From the discussion of user management, cookies, and sessions in Chapter 19, "Cookies and Sessions," you learned that there was more to effective and secure session management than just making calls to the session_start function. In particular, we face a number of security concerns when working with sessions, and some configuration options that we will want to make sure we have set properly.

Configuration

As discussed in Chapter 19, php.ini has a number of configuration options for sessions in PHP to control the exact functionality. For our web application samples, we use the following settings:

  • session.auto_start = 0

    We will always explicitly start sessions ourselves.
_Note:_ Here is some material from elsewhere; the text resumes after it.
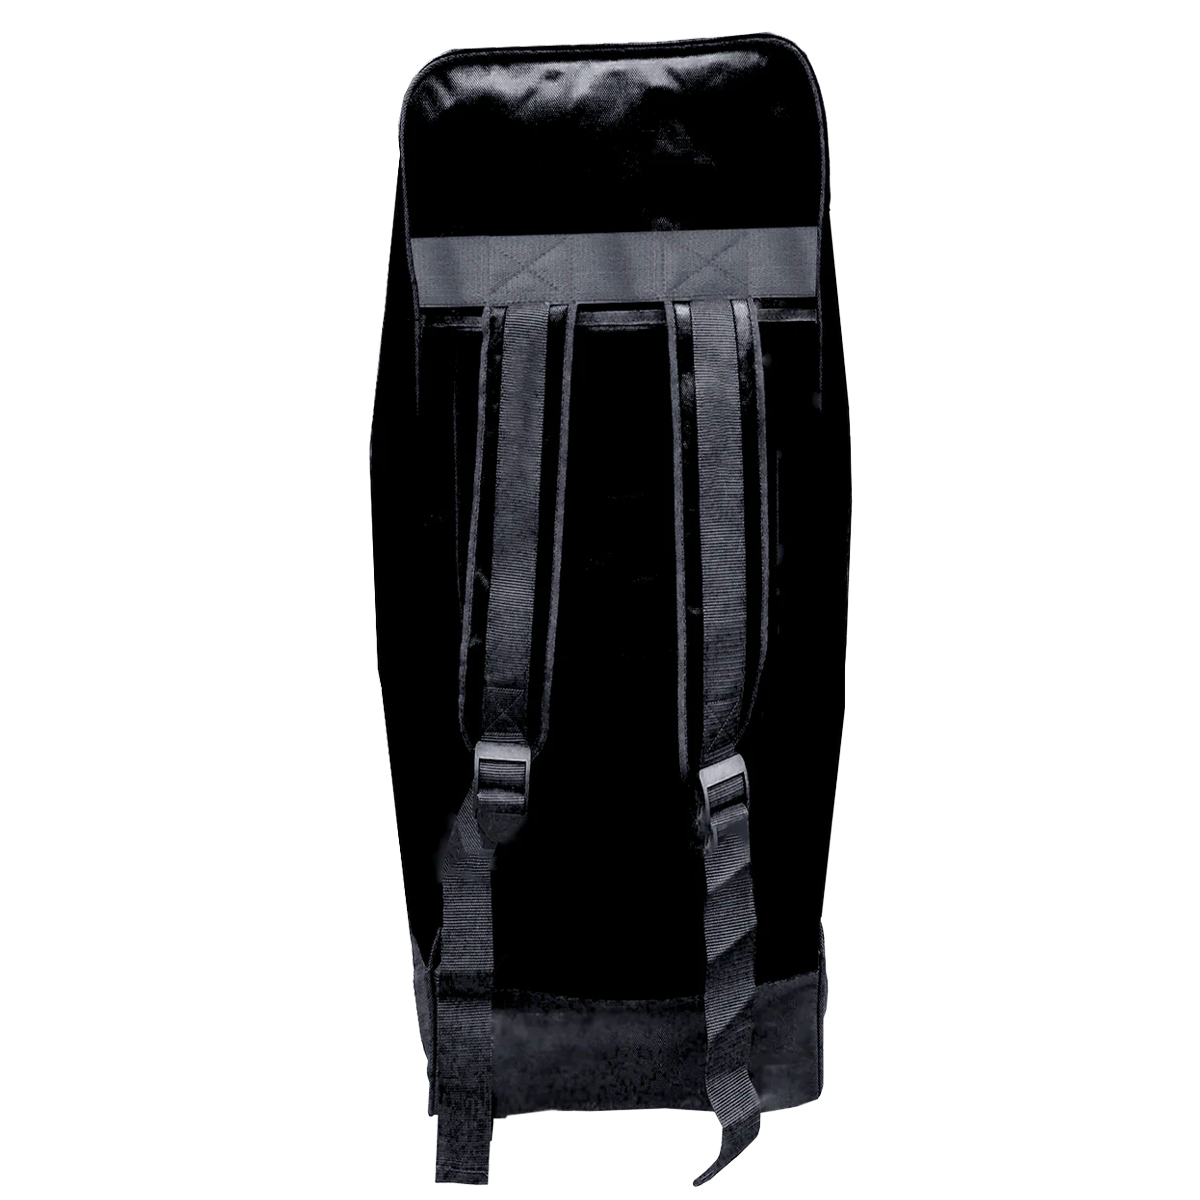 RIBER-Deluxe_Carry-Bag_Back_Excel Leisure

  • session.name = "SAMPLESESSION"

    We will just use something other than the default here.

  • session.save_handler = "files"

    Our samples are not complicated enough to require custom session storage, although it would be an excellent exercise for you to implement.

  • session.save_path = "/home/httpd/webapps/sessiondata" (Unix) or "d:\webapps\sessiondata" (Windows)
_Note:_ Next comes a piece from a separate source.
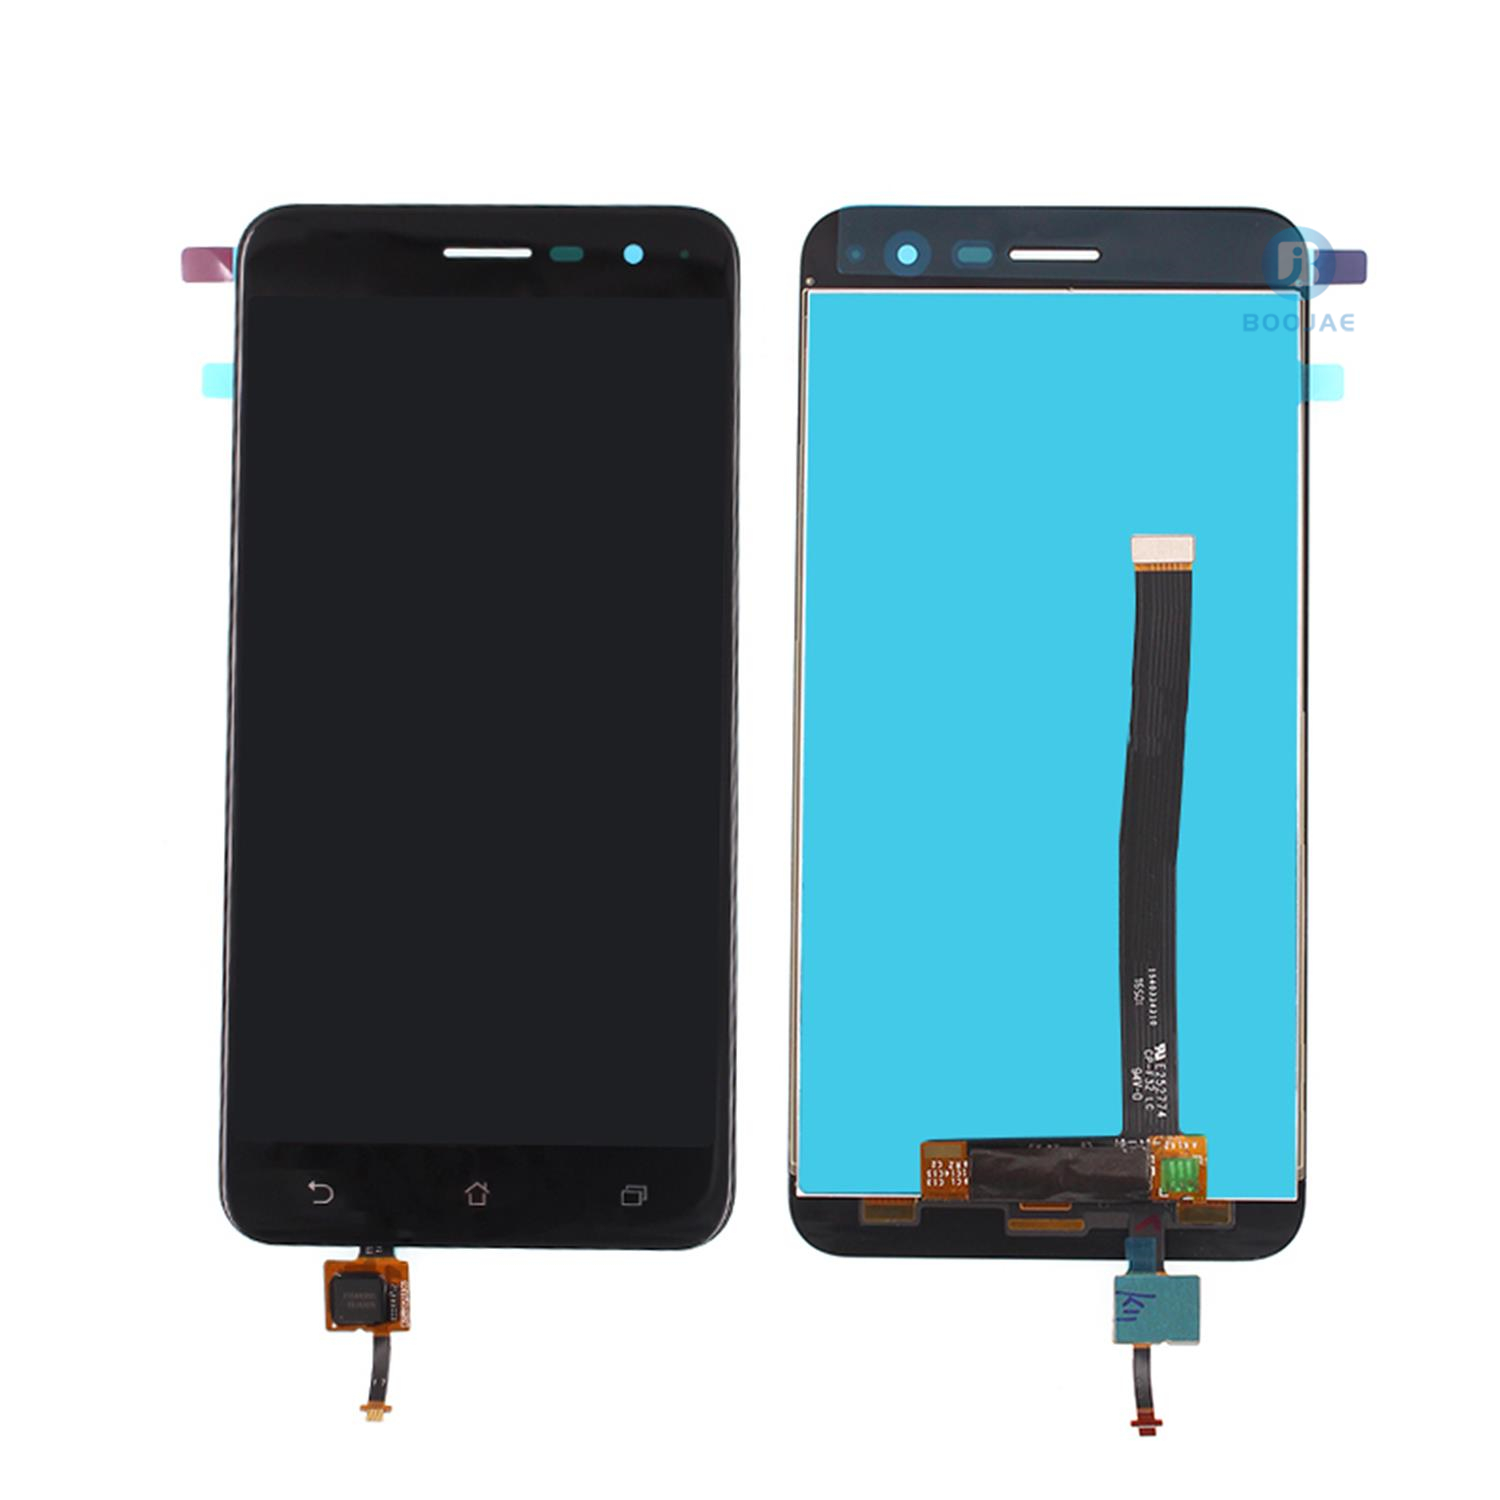 Asus Zenfone ZE520KL LCD Screen Display, Lcd Assembly Replacement

    The exact location depends on where we place our web applications and documents for our web server.

  • session.gc_probability = 1 and session.gc_divisor = 10

    This gives us a 10-percent chance of having the garbage collector started for or any page request, which is in fact quite often. However, we do not expect to have high traffic for our samples, so we need a higher value to ensure that this is started often enough. For real-world web applications with many users, we would reduce this to something more similar to the defaults of 1 and 100.

  • session.cookie_lifetime = 0, session.cookie_path = /, session.cookie_domain = (empty), and session.cookie_secure = (empty)
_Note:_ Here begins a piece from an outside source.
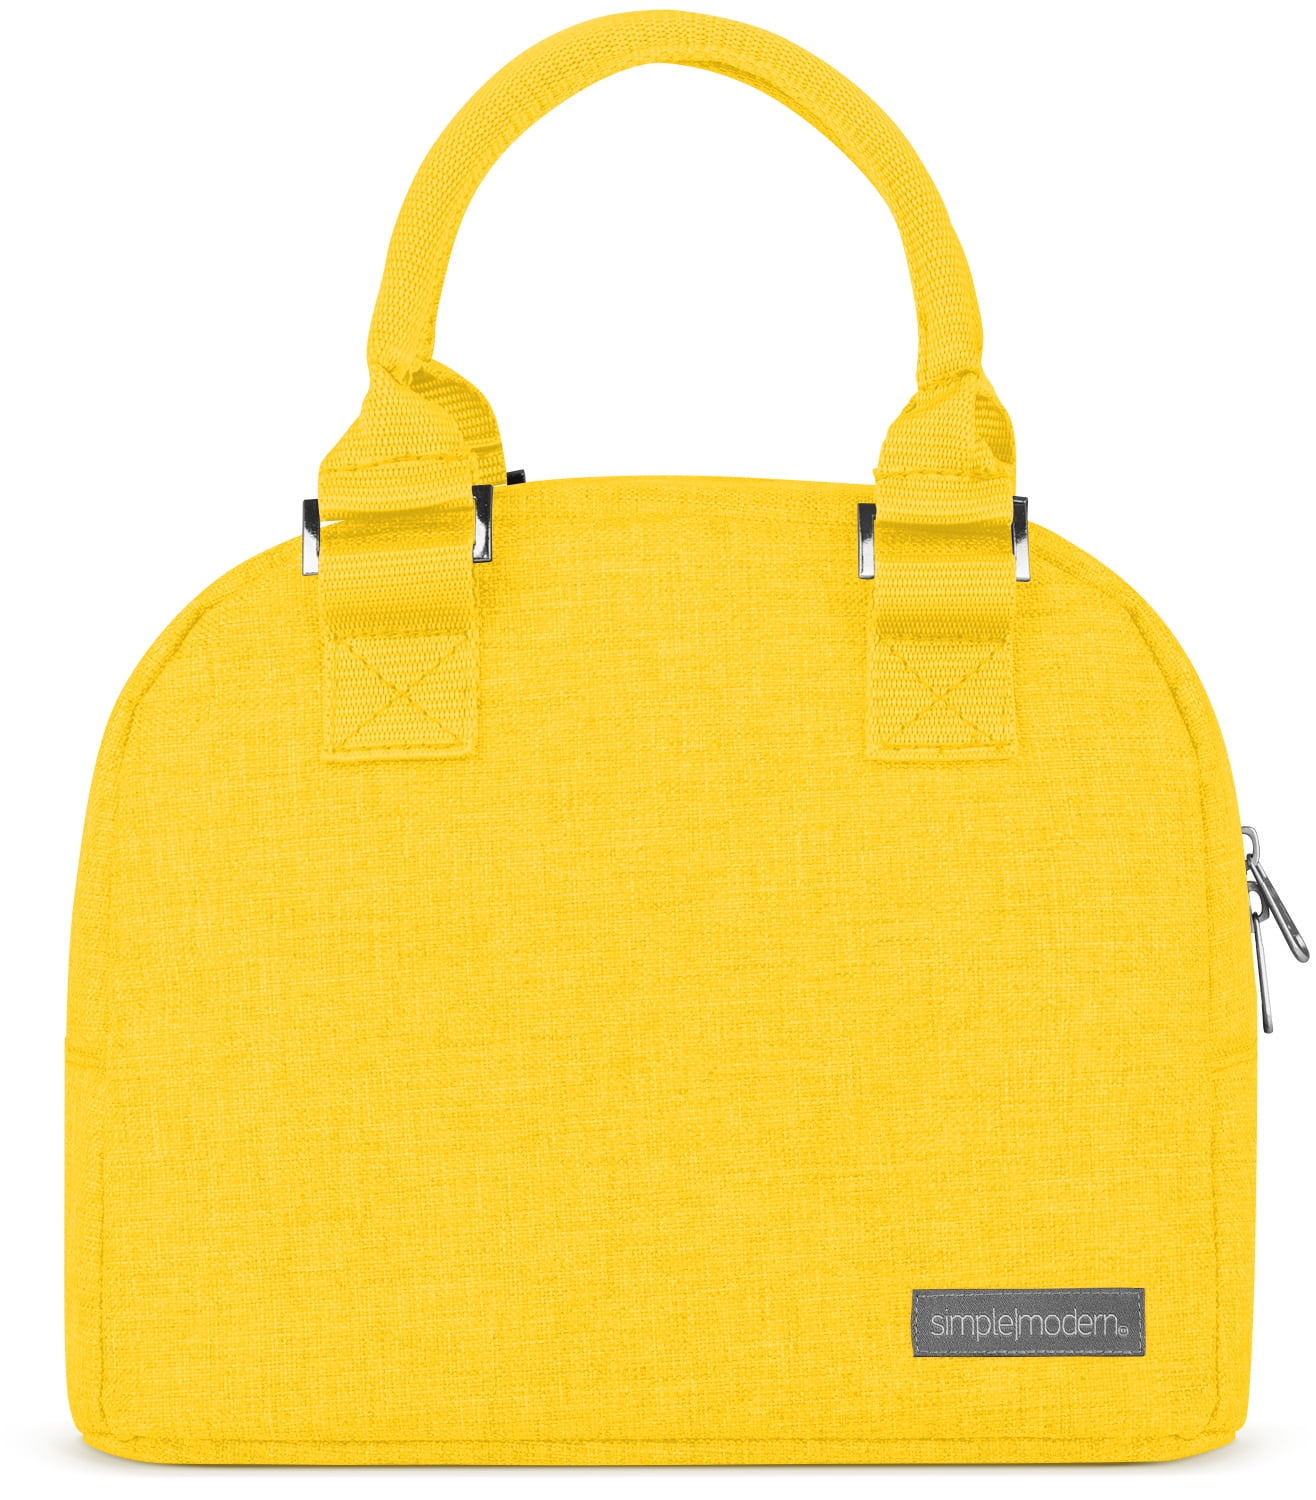 Simple Modern 5L Very Mia Lunch Bag for Women - Yellow Insulated Lunch Box -SUNSHINE

    These values correspond to the parameters sent to the setcookie function. We will leave these at their default values because we only want a simple session cookie that expires when users close their browser(s).

  • session.use_trans_sid = 0

    We will leave this at its default value for security reasons so that people must use session cookies to visit our web application.

  • session.use_cookies = 1 and session.use_only_cookies = 1

    These settings permit us to use session cookies for user management and require us to use cookies rather than other possibilities (such as the trans_sid mentioned previously). This helps us ensure a higher level of security for users.

The one configuration option not mentioned in the preceding list is the session.gc_maxlifetime value, which defaults to an extremely short 1,440 seconds (24 minutes). The exact value we will use for this depends on what sort of web application we are writing. For an E-Commerce store where we are dealing with sensitive information, we will want to keep this to a still reasonably short value, perhaps 3,600 seconds (1 hour), whereas for something a little less sensitive, such as a message board or web log system, we could let this be something much larger, such as 86,400 (1 day).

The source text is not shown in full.